Thursday, February 3, 2011

Political Play

          Soldiers are filtering into Butembo and the surrounding areas like green smoke seeping under the crack in a door.  The Presidential elections aren’t until September, but things are already starting to shift.  A few weeks ago the current President, Joseph Kabila Kabange, announced that he would be changing the structure of the electoral play from a two part voting system to a single act.  Word on the street is that his "Popular" Party comprises 60% of the Judicial committee, and with a little monetary motivation, voting the change through became incontestable in any official sense.
          On public television, the entire Parliament and Judicial committee broke out in a fist-fight, in an attempt by the opposition to stop the pre-determined “vote”.  The scene would be comparable to Colin Powell punching Hilary Clinton in the face while Nancy Pelosi is kicking Rahm Emanuel between the legs.  It would be funny, if the implications weren’t so grave.  People want a democratic election; having only one vote removes any real possibility of representation of the people.
          When we arrive in Butembo one day, shortly after the physical filibuster, I ask a friend named Kambale if our mutual friend, Justin, was able to meet up with survivors he knows, who are currently at FEPSI.  Kambale responds by pinching his eyebrows together and looking anxiously at the floor.

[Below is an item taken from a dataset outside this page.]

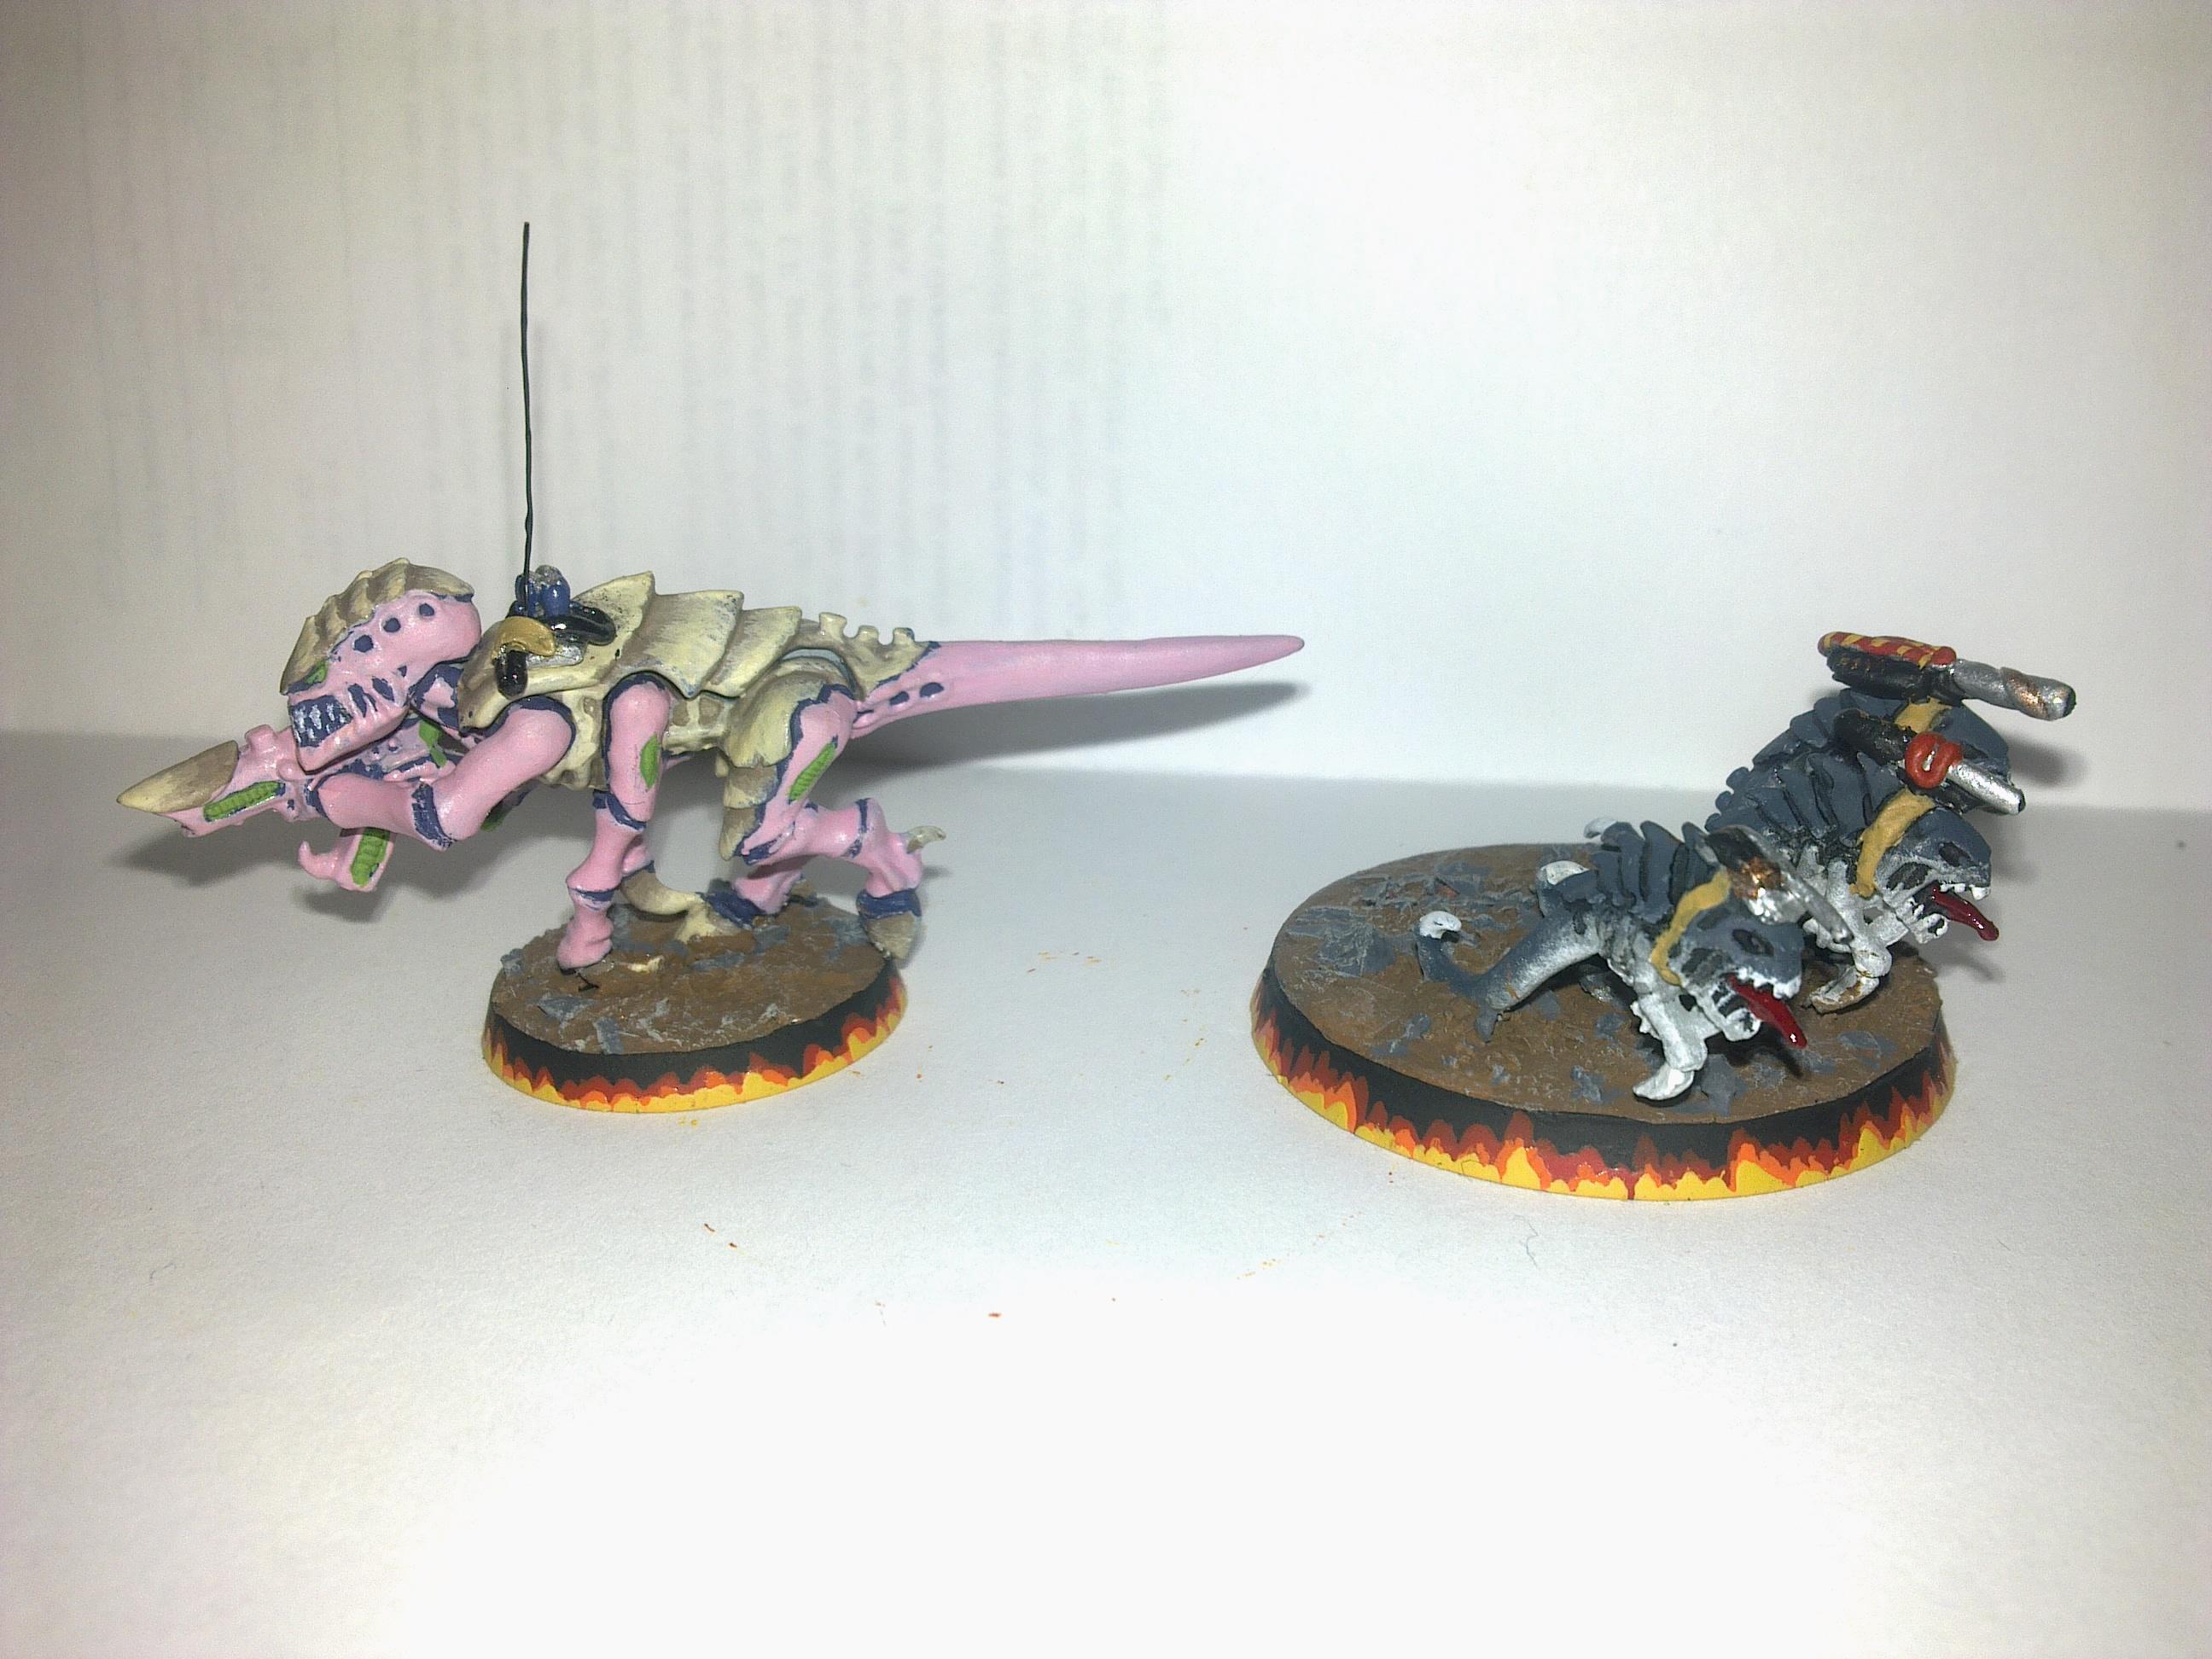 Lasers, Ripper Swarm, Termagants, Tyranids, Warhammer 40,000
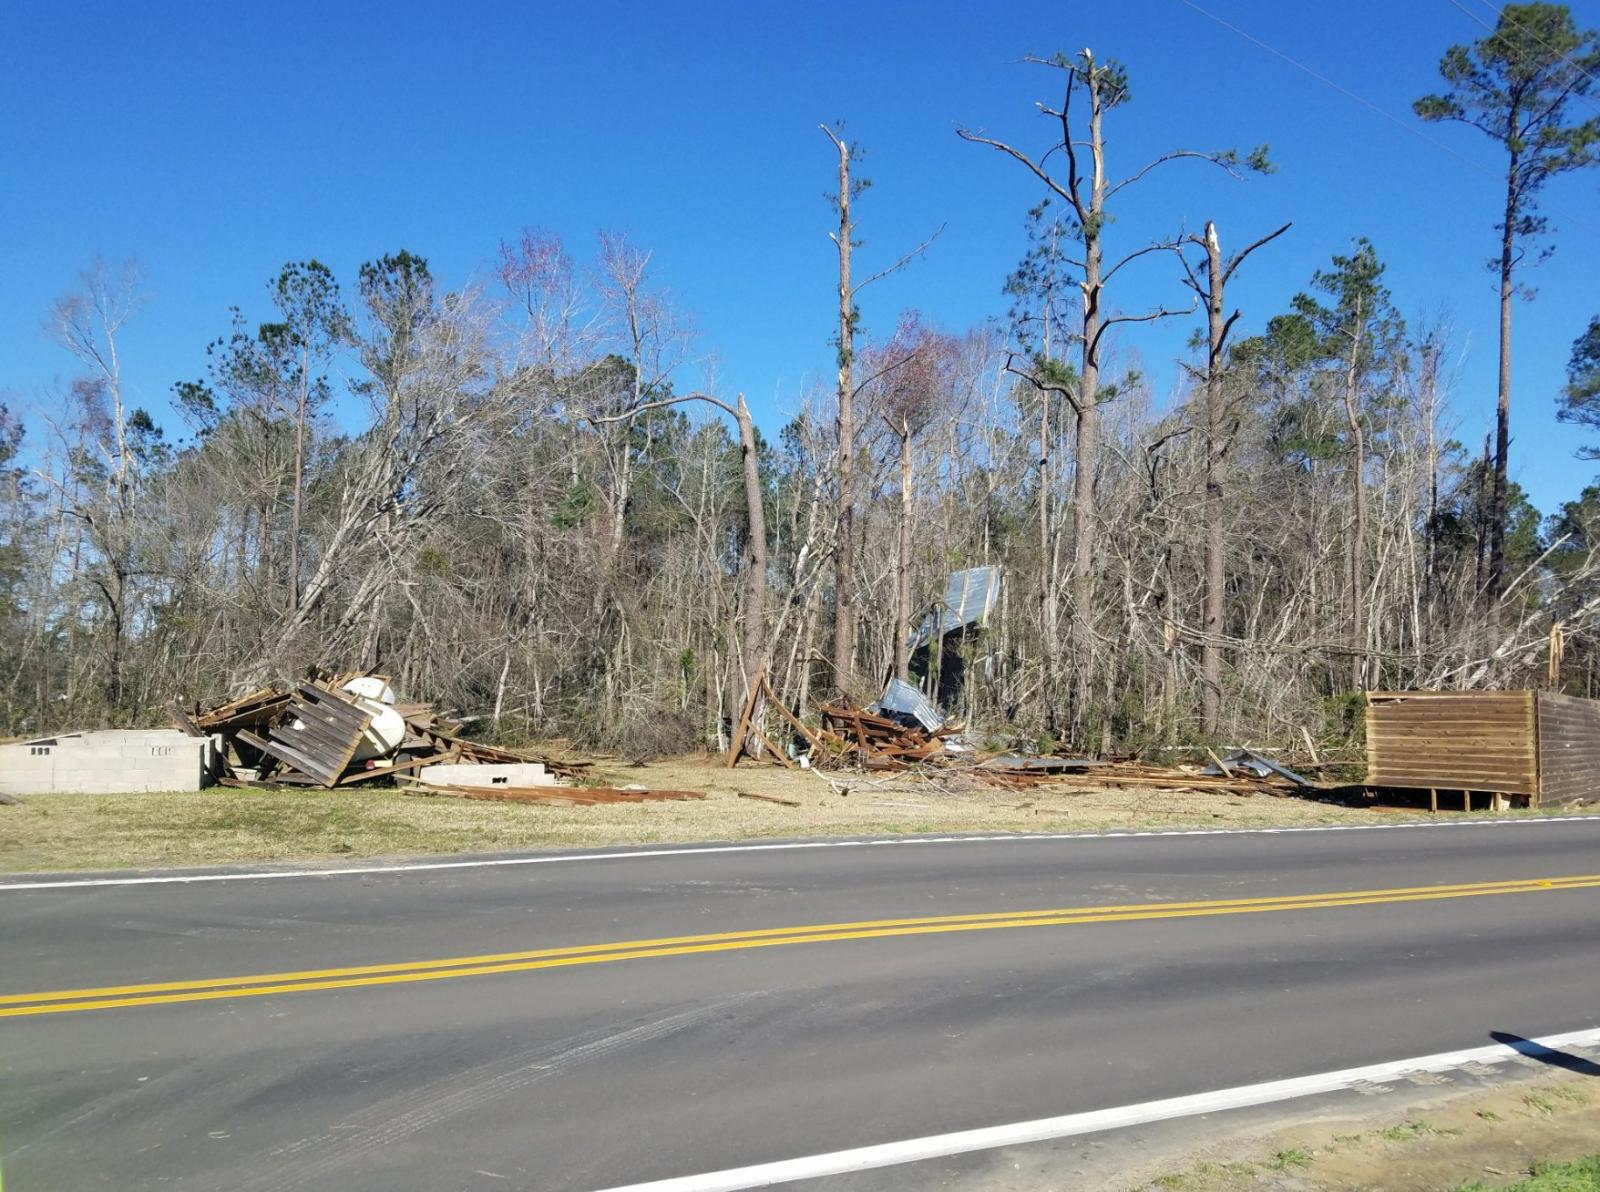 Climate Summary for 2017 across Southeastern North Carolina

    -Justin is still at home.
    -What happened?  Is he sick?
    -In his neighborhood it is not okay.  I called you last night at 8 p.m. to tell you the FaRDC are attacking the population there.  Since 5:30 p.m. last night, even until now.  They are shooting there.
          The evening before, Alana, Sarah and I went to one of the fanciest hotels here.  It has walls around it and the only billiards table in Butembo.  We went to play a game of pool , have some sodas and salad, and relax.  When we arrived the compound was dotted with soldiers and there was nothing relaxing about it.  Next to the billiards table, about 20 green uniforms were holding beers and AK-47s.  They left at around 5:20 p.m. nice and tipsy.
    -Is he okay?  I ask Kambale.
    -I spoke to him last night but not today.  He is probably hiding under the bed still with his family.
          He laughs a little, trying to make light of the situation. 
    -Why are the soldiers there?  I ask.
    -The Governor heard of malice there and so the army attacked the people.
          The story comes out piece by piece and changes with every telling.  Sarah suggests I send a message to Dusan asking if he has any knowledge of what’s going on, or advice.  He rarely deals with conflict or politics out of the bush, but I don’t like the image of Justin and his family hiding under a bed while soldiers toting machine guns and flimsy rules run amok. 
          Alana and I walk down the dusty road to a small, white kiosk that sells phone units.  As we wait for the boy behind the wooden window to pull the units together, a round-faced man walks up to us.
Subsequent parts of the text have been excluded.